Walter Coulter

Personal information
- Full name: Walter McFarlane Coulter
- Date of birth: 1891
- Place of birth: Frederiksted, Danish West Indies
- Date of death: 20 May 1917 (aged 25–26)
- Place of death: Croisilles, France
- Position(s): Right half

Senior career*
- Years: Team / Apps / (Gls)
- 1912–1915: Queen's Park / 1 / (0)

= Walter Coulter =

Scottish footballer (1891–1917)

Walter McFarlane Coulter MC (1891 – 20 May 1917) was a Scottish amateur footballer who played in the Scottish League for Queen's Park as a right half.

== Personal life ==
Coulter grew up the son of a sugarcane planter in the Danish West Indies and was sent to live in Scotland in 1894. He was educated at Thornliebank School, the High School of Glasgow and the Royal College of Science and Technology. After leaving school, Coulter served an engineering apprenticeship and prior to the First World War, he worked in the drawing office at Fairfield Shipyard. By spring 1915, half a year after the outbreak of the First World War, Coulter had enlisted in the Highland Light Infantry.
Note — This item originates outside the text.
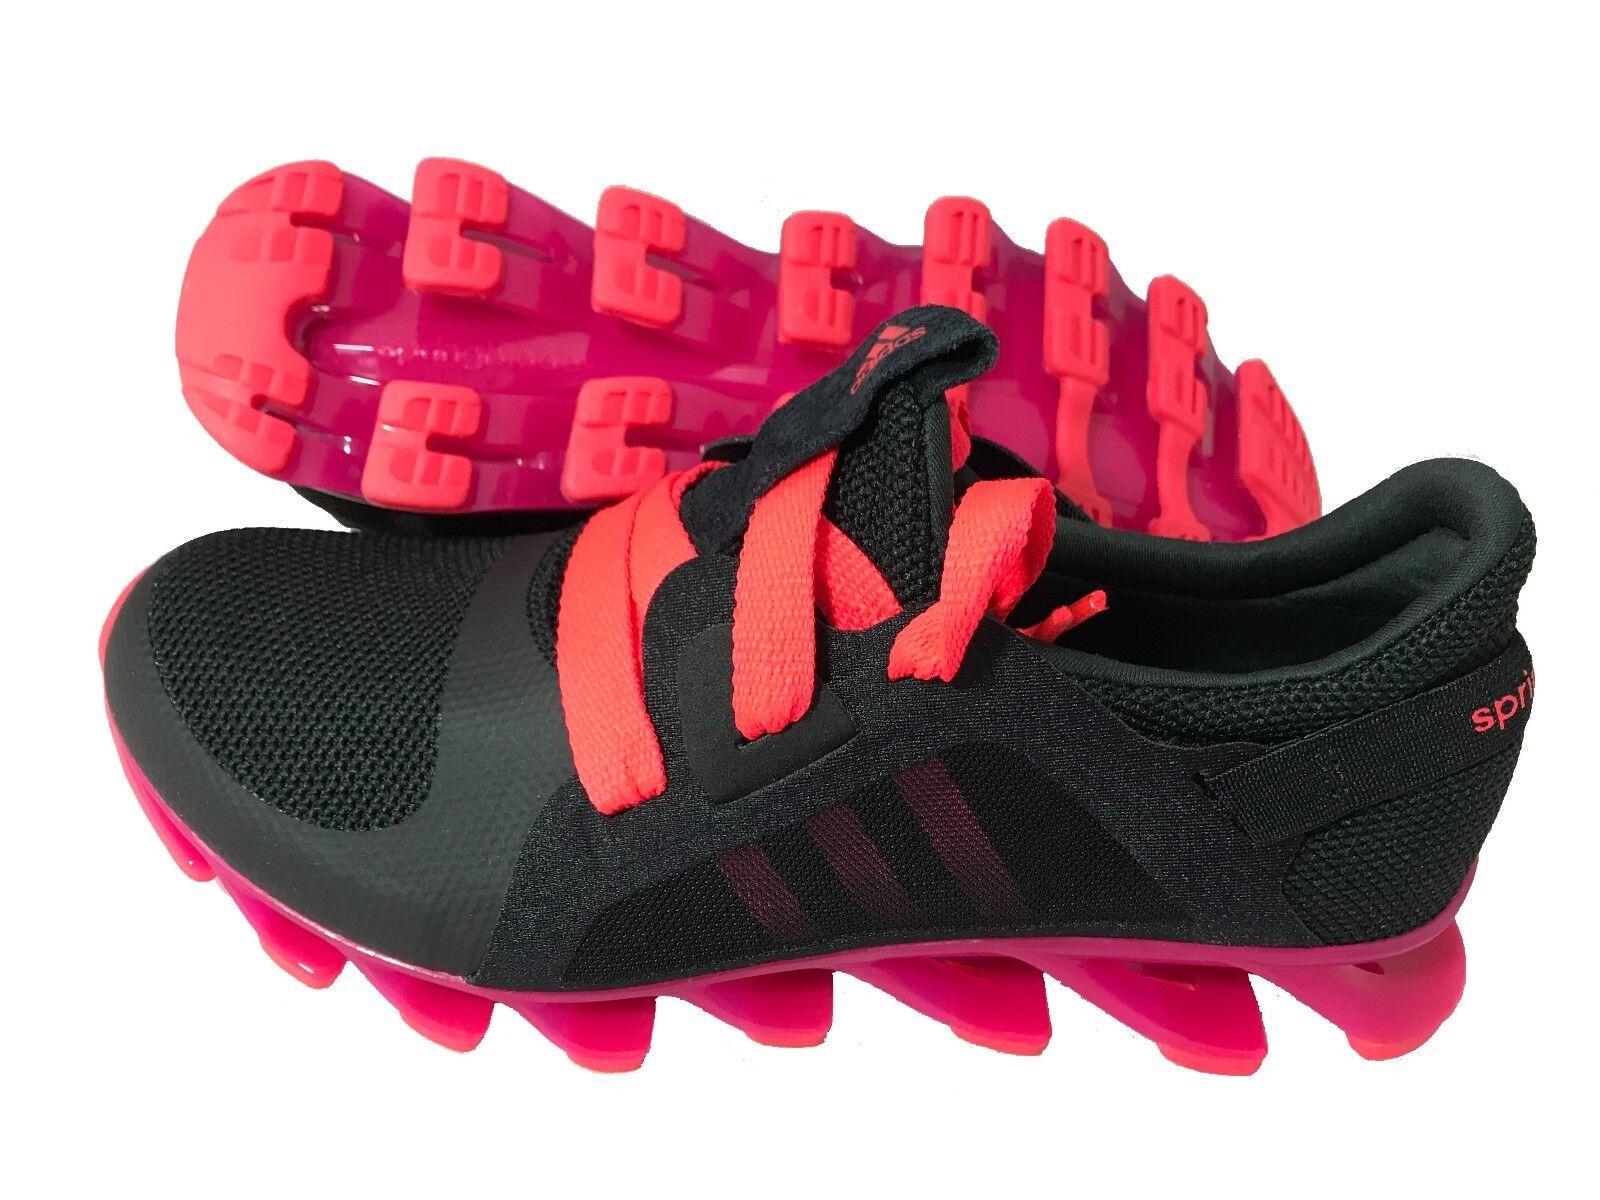 Adidas Springblade Nanaya Damenschuhe Running Schuhes Trainers

He was commissioned as a temporary second lieutenant on 28 September 1915 and was awarded the Military Cross for actions on 7 February 1917:

For conspicuous gallantry and devotion to duty during a raid on the enemy's trenches. He led his men with great dash and the success of the raid was largely due to his personal coolness and initiative. He has on many previous occasions done fine work.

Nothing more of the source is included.